Тамара Ивановна, которая сидела к нему ближе всех, сняла трубку. Мужской голос спросил Симанскую.
– Это вас! – задохнувшись от возмущения, выдавила Зорина. – Опять…
МоскваПосле поминок Тарас не знал, куда себя девать. Убитые горем Мартовы – родители Феликса – стояли у него перед глазами. Они винили во всем бизнес, который и погубил их единственного сына.
– Он был таким способным, интеллигентным мальчиком, – сокрушалась мама. – Собирался стать драматургом, писать пьесы, сценарии для кинофильмов. Зачем ему понадобилась эта дурацкая торговля? А? Скажите, Тарас! Разве счастье в деньгах? Теперь Феликсу не нужны ни деньги, ни квартира, которую мы ему оставили. Он лежит в земле и больше ни в чем не нуждается!
Профессор Мартов, седой старик с орлиным профилем, изо всех сил сдерживал слезы.
– Когда Феликс уезжал на Ближний Восток, мы молились богу, чтобы сын вернулся оттуда живым, – горько вздыхал он. – А он погиб в Москве. За что? Почему это случилось?
Михалин не знал ответа. Он сам которые сутки ломал себе голову – кто и почему убил его друга и партнера? Получалось, что смерть Феликса больше всего выгодна именно ему, Тарасу. Теперь он становится единоличным владельцем фирмы «МиМ» со всей сетью складов, магазинов и спортзалов. Кое-кто уже начал бросать на Михалина косые взгляды.
Мартовы его не подозревали, они были слишком подавлены потерей сына и ни о чем больше не думали. Пока. Придет время, и эта мысль может поселиться в их умах.
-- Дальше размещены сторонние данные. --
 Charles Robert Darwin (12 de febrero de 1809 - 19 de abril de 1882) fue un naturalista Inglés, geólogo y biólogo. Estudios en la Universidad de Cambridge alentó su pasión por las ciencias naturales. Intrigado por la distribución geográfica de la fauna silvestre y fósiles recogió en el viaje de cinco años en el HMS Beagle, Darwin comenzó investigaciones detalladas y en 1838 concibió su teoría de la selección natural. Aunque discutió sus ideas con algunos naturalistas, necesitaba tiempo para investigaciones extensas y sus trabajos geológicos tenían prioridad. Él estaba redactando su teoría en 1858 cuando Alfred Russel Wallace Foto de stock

Прошло девять дней. Михалин пытался отвлечь себя работой, но потерпел неудачу. Что бы он ни делал, память неизменно возвращала его в то солнечное, морозное утро четверга, когда он вошел в квартиру Феликса и застал там труп с ножом в груди. Ужасная картина так и стояла у него перед глазами – разбросанные повсюду вещи, вывернутые ящики письменного стола, раскрытые шкафы, содержимое которых валялось на полу: рубашки, майки, постельное белье, книги… а посреди всего этого – тело Феликса с кровавым пятном на светло-голубой сорочке, с торчащей из груди рукояткой ножа… Абсурд!
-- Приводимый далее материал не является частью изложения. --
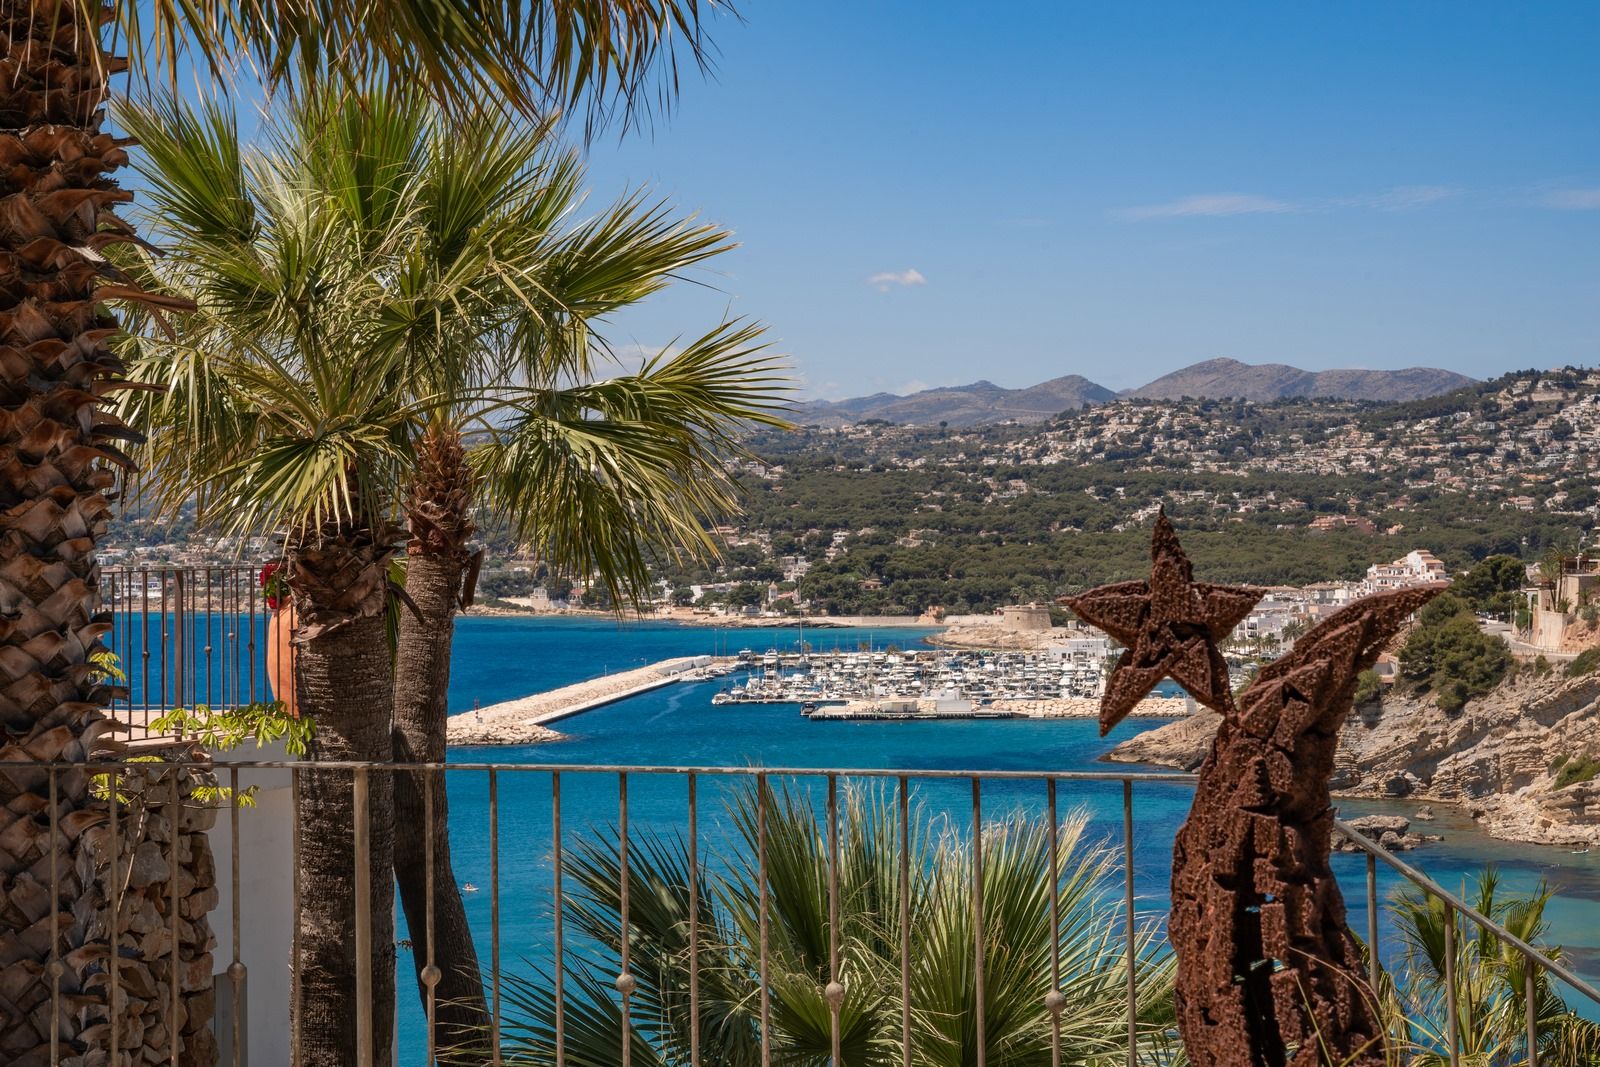 Luxe villa in Ibiza-stijl in El Portet met uitzicht op zee

На столе в кабинете стояла фотография Кати Жордан – та самая, которую хозяин когда-то показывал Тарасу. На обороте – надпись по-русски: «Не будь тебя, дышала б я напрасно…» Эту фотографию потом мама Феликса положила ему в гроб.
– Наверное, он слишком тосковал по Кате, – сказала она. – Потому и ушел.
На девятый день Михалин пришел на кладбище. Венки и цветы разметал ветер, могильный холм замело снегом. Мартовых не было. Анастасия Юрьевна слегла, а ее супруг не отходил от нее ни на шаг, боялся потерять еще и жену.
Тарас долго стоял на пронизывающем ветру, смотрел, как снежная крупа засыпает огромный букет белых цветов, которые он положил на могилу. Белое на белом…
Вышло так, что ближе Феликса у него никого не было. Друзья по сборной команде – гимнасты – отошли, как только Михалин оставил спорт. Жениться он не успел, с родителями разошелся давно, еще в юности, – они ненавидели его увлечение спортом, считали, что сын их предал, заплатил черной неблагодарностью за любовь и заботу, и все свое внимание переключили на младшеньких: сестер-близнецов Надю и Веру. Михалины, потомственные педагоги-гуманитарии, всю душу вкладывали в воспитание детей, развивали в них стремление к духовному… а сын вдруг отдал предпочтение физкультуре, променял «вечные ценности» на спортивную карьеру. Они из кожи вон лезли, устроили Тараса в университет, а он сдавал зачеты и сессии когда придется, занятия почти не посещал, околачивался в спортзалах да пропадал на соревнованиях. Кажется, отец с матерью скорее обрадовались, чем огорчились, когда Тарас проиграл чемпионат мира, затем упустил олимпийское золото и стал вторым.
– Ты сделал ставку на мышцы, сынок, – злорадно сказал ему отец. – Они тебя подвели. Спорт – удел тех, кто не способен работать мозгами.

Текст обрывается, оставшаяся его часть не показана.